Mit Gamma/Kontrast/Helligkeit kann man es leicht verbessern aber nicht so richtig..  oder gibt es vielleicht noch irgendwelche tricks dafür? 

Vielen dank im voraus!

Grafikkarte: MSI GTX 1070 Gaming X 8GB


----------



## 0ssi (31. August 2017)

Das ist ein Mix auf Kompressionsartefakten des Contents und dem TN Panel mit 6 bit Farbtiefe + Dithering = Colorbanding. Kein Problem sondern aktueller Stand der LCD Technik.


----------



## claster17 (31. August 2017)

Ist durchaus ein Problem, weil andere 6bit+FRC das nicht haben. Das Problem sieht dem des Dell S2716DG sehr ähnlich.


----------



## mili2110 (31. August 2017)

Bei meinem Dell hat es geholfen im Nvidia Control Panel unter "Auflösung ändern" mal den dynamischen Farbbereich auf "begrenzt" zu setzen. Jetzt sollte das Bild blasser wirken aber das Color Banding sollte verschwinden. Unter Desktop-Farbeinstellungen kannst du dann das Gamma sowie die digital vibrance anpassen um dem gegen zu wirken.


----------



## Coxitis (31. August 2017)

Vielen dank an euch  
Es auf begrenzt zu setzen hat viel geholfen danke


----------



## claster17 (31. August 2017)

Begrenzter Dynamikbereich ist keine wirkliche Lösung, da du damit den Kontrast des Bildschirms massiv verringerst und die Bildqualität extrem drunter leidet. Ich würde den Bildschirm austauschen oder ein anderes Modell nehmen.


----------



## asdf1234 (31. August 2017)

Ich habe den selben Monitor heute gekauft und angeschlossen. Die Auflösung ist 2560 x 1440 aber wie stelle ich in Windows 10 die 144 Hz ein ?
 Ich habe den Monitor über ein HDMI Kabel verbunden brauch man für die 144 Hz DIsplayPort ?

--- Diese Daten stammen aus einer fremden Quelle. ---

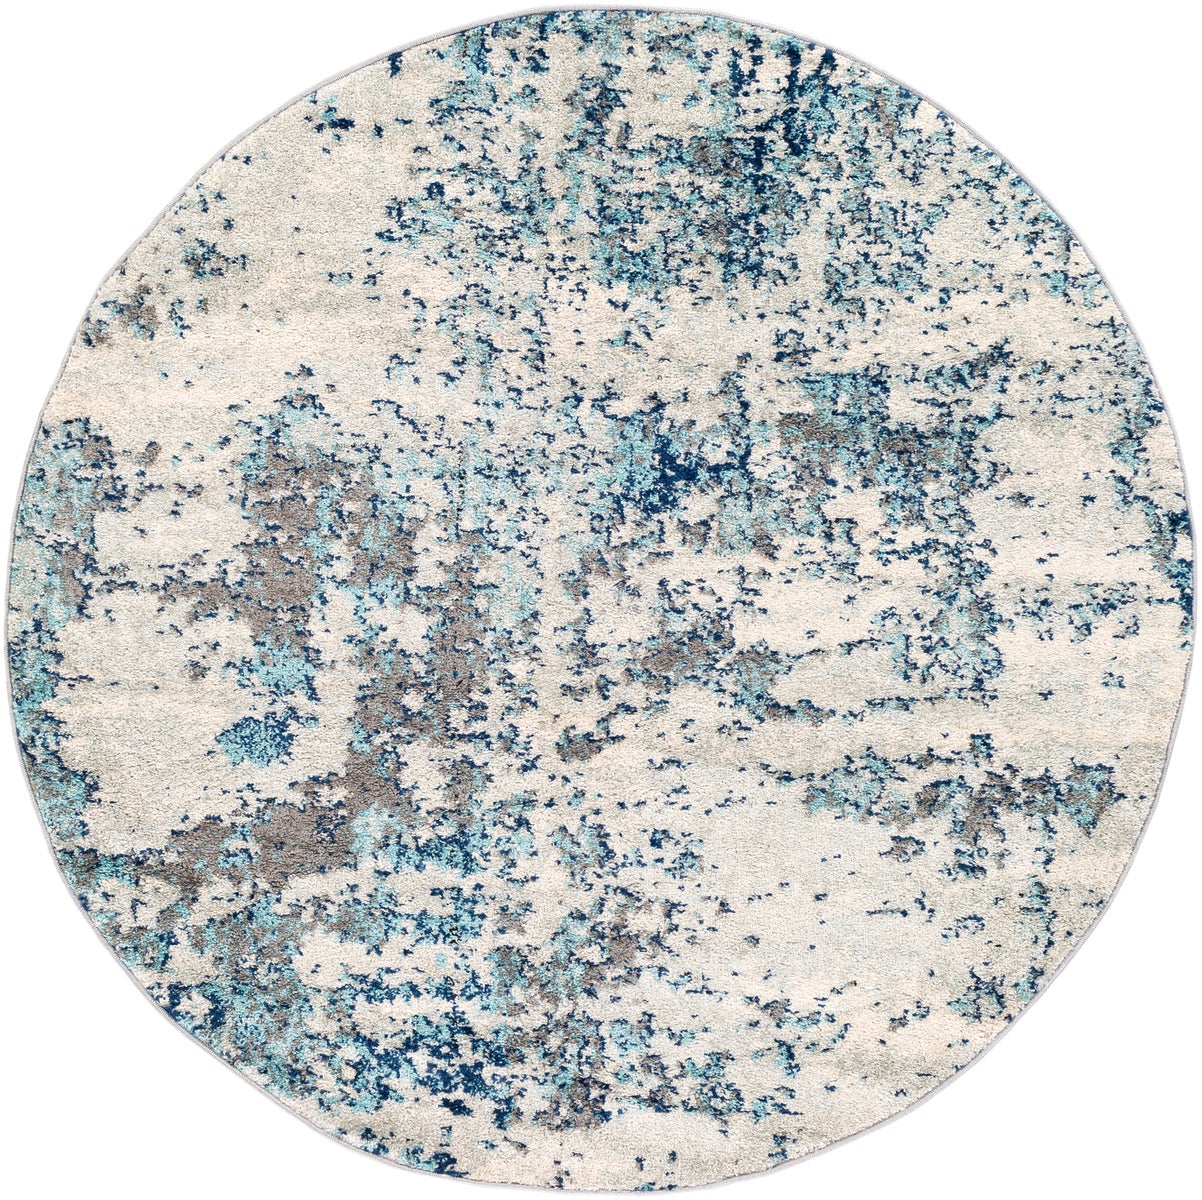 Abstrakt Moderner Runder Teppich - Blau/Grau/Weiß - Ø 160cm - SARAH

Unter Anzeigeeinstellungen und dann Adaptereigenschaften und dann unter monitor steht nur 60 Hz ? DA müsste man ja eigentlich auch 144 Hz auswählen können.

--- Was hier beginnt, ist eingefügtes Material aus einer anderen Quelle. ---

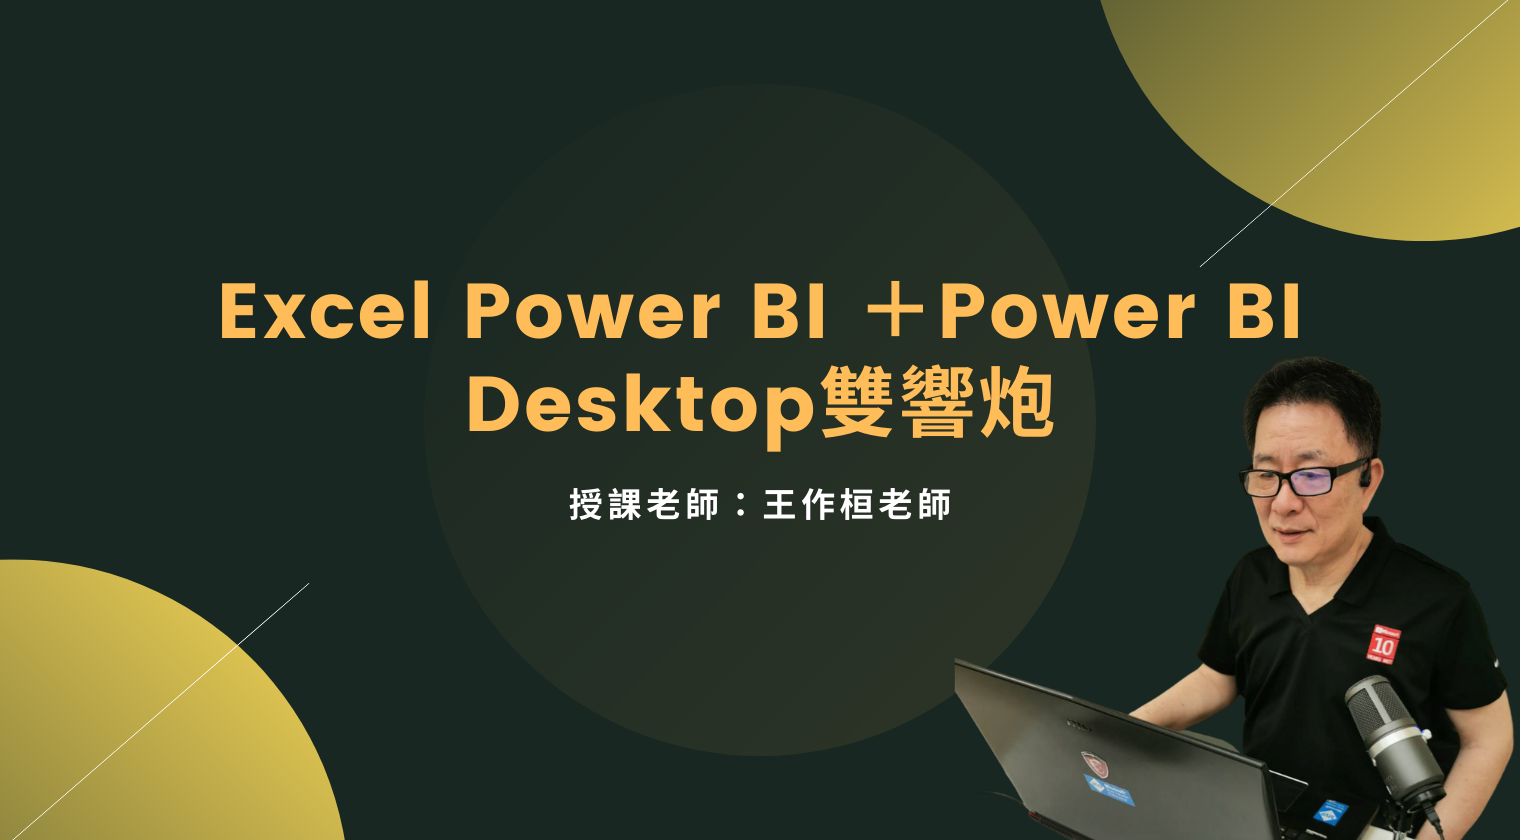 Excel Power BI ＋Power BI Desktop雙響炮 - MasterTalks 內容電力公司

// Ah schon ok habe gerade gelesen das die 144Hz nur mit DisplayPort gehen. Jetzt noch eine Frage meine Grafikkarte hat zwei mini DiplayPort Anschlüsse würde ein Adapter was bringen von mini auf normal dispayPort ? Könnte ich dann 144Hz einstellen ?


----------



## claster17 (31. August 2017)

Regel #1: HDMI nur verwenden, wenn man keine andere Wahl hat, da es meistens die Quelle aller Probleme bei Bildschirmen ist. Außerdem hat es eine zu geringe Bandbreite (da kein HDMI 2.0) für 144Hz und G-Sync funktioniert damit ebenso nicht.


----------



## asdf1234 (31. August 2017)

Funktionieren die 144Hz und G-Sync auch mit einen DisplayPort Mini auf DisplayPort Kabel ?


----------



## JoM79 (31. August 2017)

Ja, funktioniert.
Ausser natürlich du hast immer noch die 270X aus deiner Signatur.


----------



## asdf1234 (31. August 2017)

Ja ich habe noch die  HIS R9 270X die hat auch zwei mini DisplayPort. Das G-Sync nicht geht ist mir klar es ist ja keine nVidia Karte aber 144Hz würden auch so gehen mit den DisplayPort Mini auf DisplayPort Kabel oder ?


----------



## JoM79 (31. August 2017)

Ja, normalerweise schon.


----------



## asdf1234 (1. September 2017)

Ich habe jetzt den Acer Predator Monitor mit einen DispalyPort - Mini DisplayPort Kabel an meinen PC angeschlossen. Aber wenn ich jetzt den Monitor auf Display Port Modus stelle kommt No Signal ?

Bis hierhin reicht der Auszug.